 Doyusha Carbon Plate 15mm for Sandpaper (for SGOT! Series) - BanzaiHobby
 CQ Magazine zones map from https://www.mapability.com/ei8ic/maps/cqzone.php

==

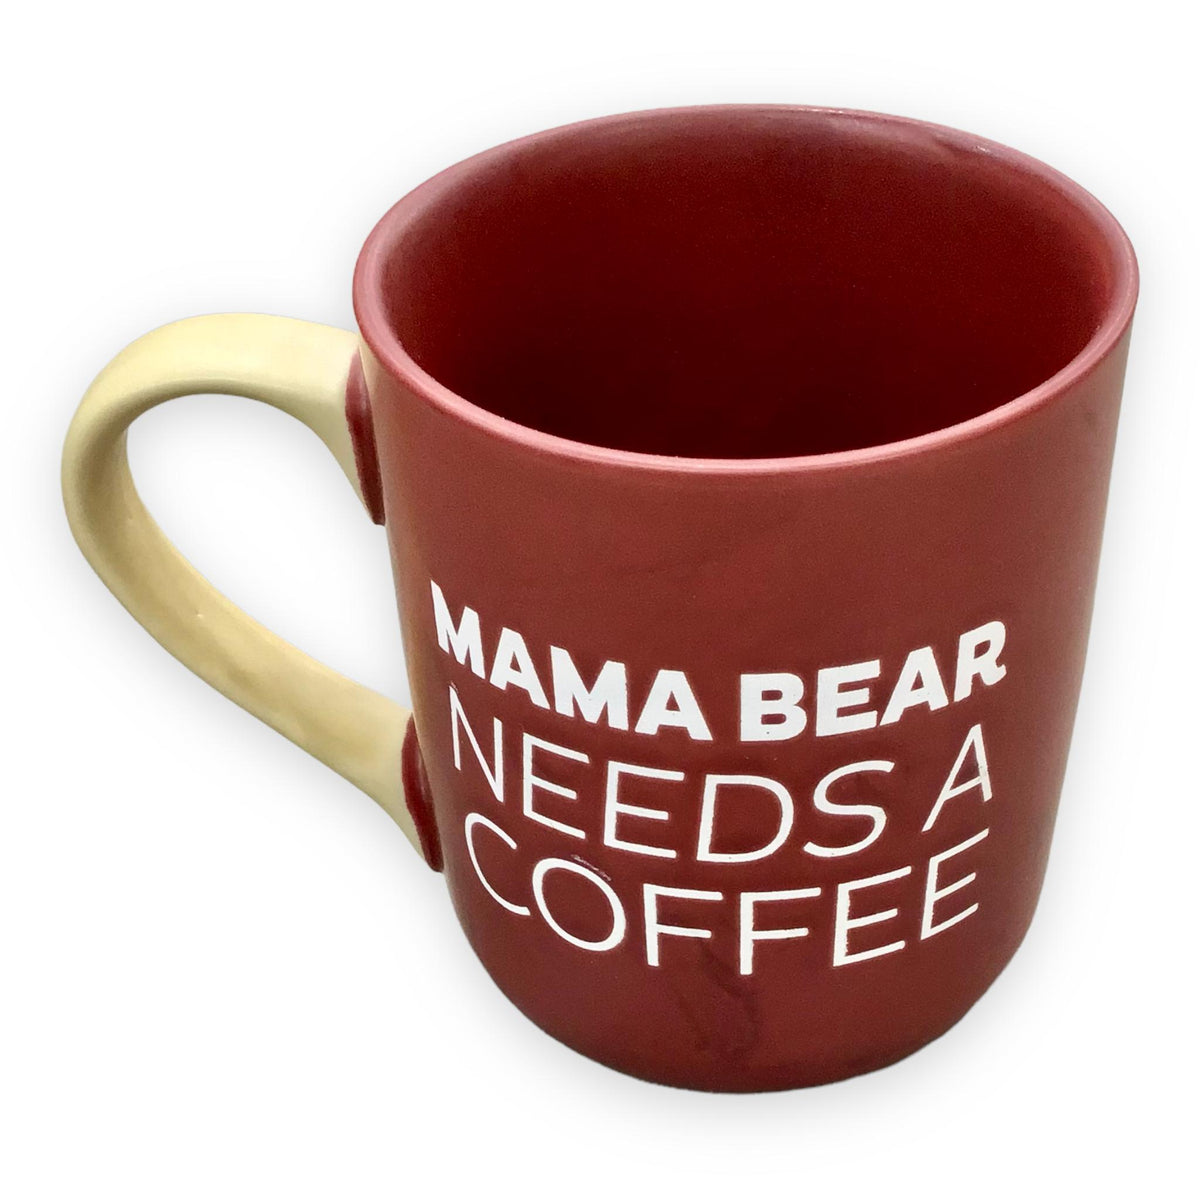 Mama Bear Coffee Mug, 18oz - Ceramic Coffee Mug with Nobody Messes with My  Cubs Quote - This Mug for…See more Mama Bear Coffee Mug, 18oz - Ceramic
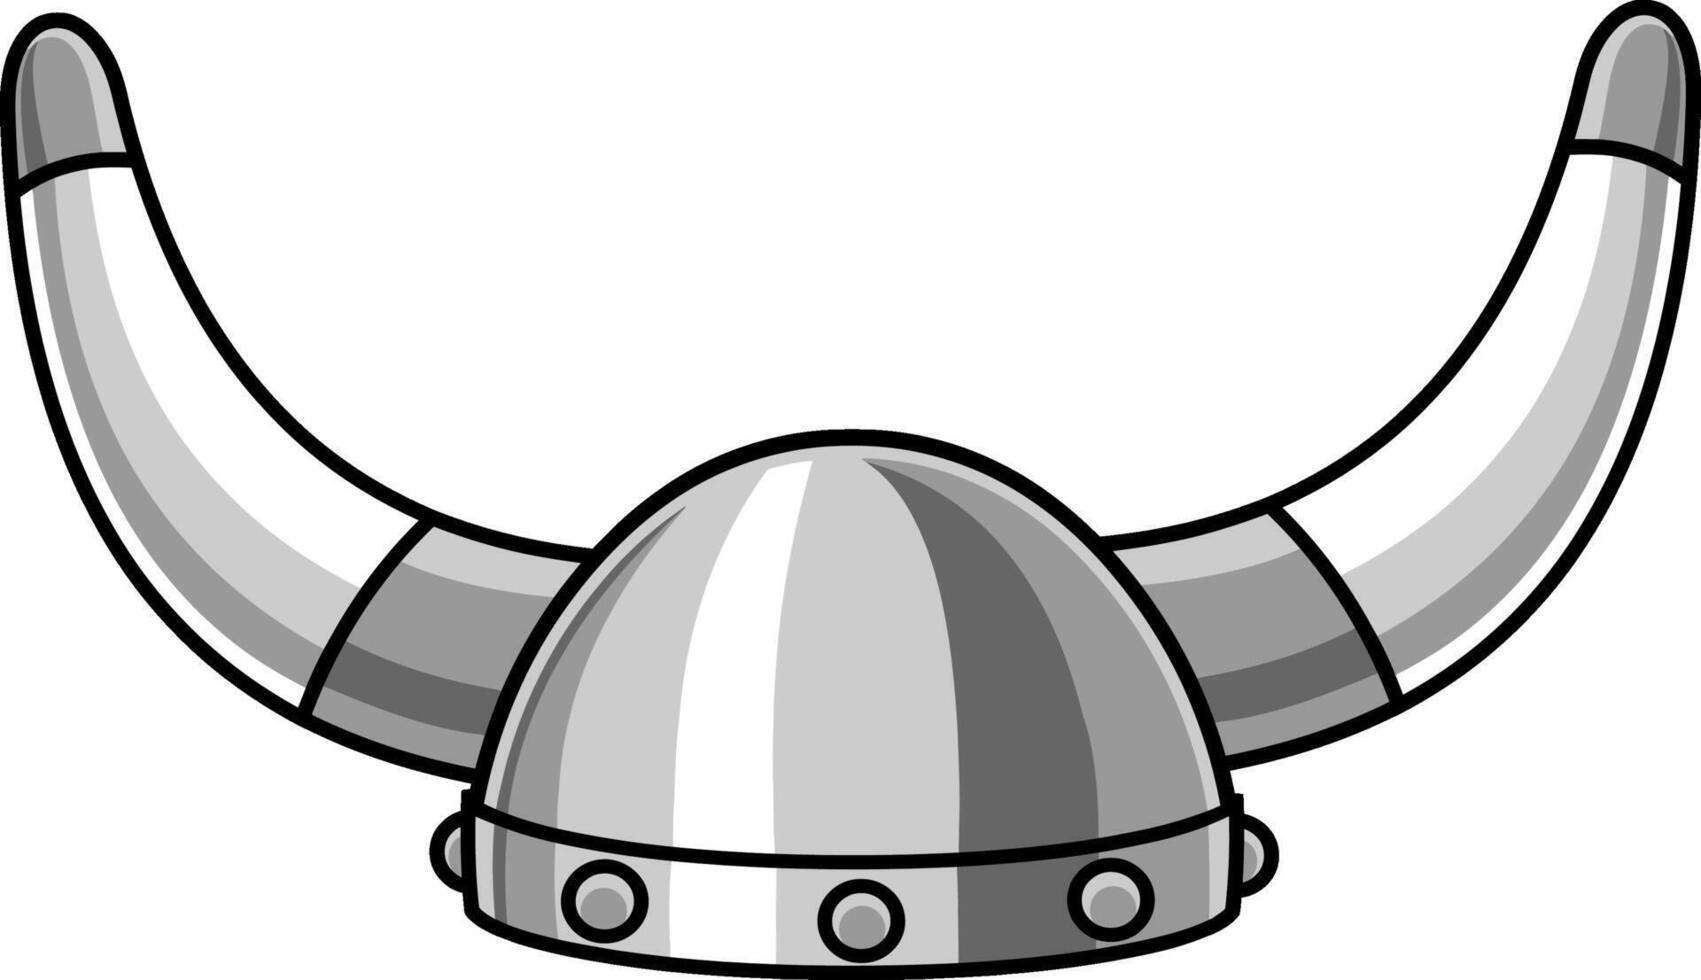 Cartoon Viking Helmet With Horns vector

**What to produce:** Among the entries above, locate the lines containing "Doyusha Carbon Plate" and "CQ Magazine zones", and transcribe exactly those two lines and all lines between.

**Solved problem:**
 Doyusha Carbon Plate 15mm for Sandpaper (for SGOT! Series) - BanzaiHobby
 CQ Magazine zones map from https://www.mapability.com/ei8ic/maps/cqzone.php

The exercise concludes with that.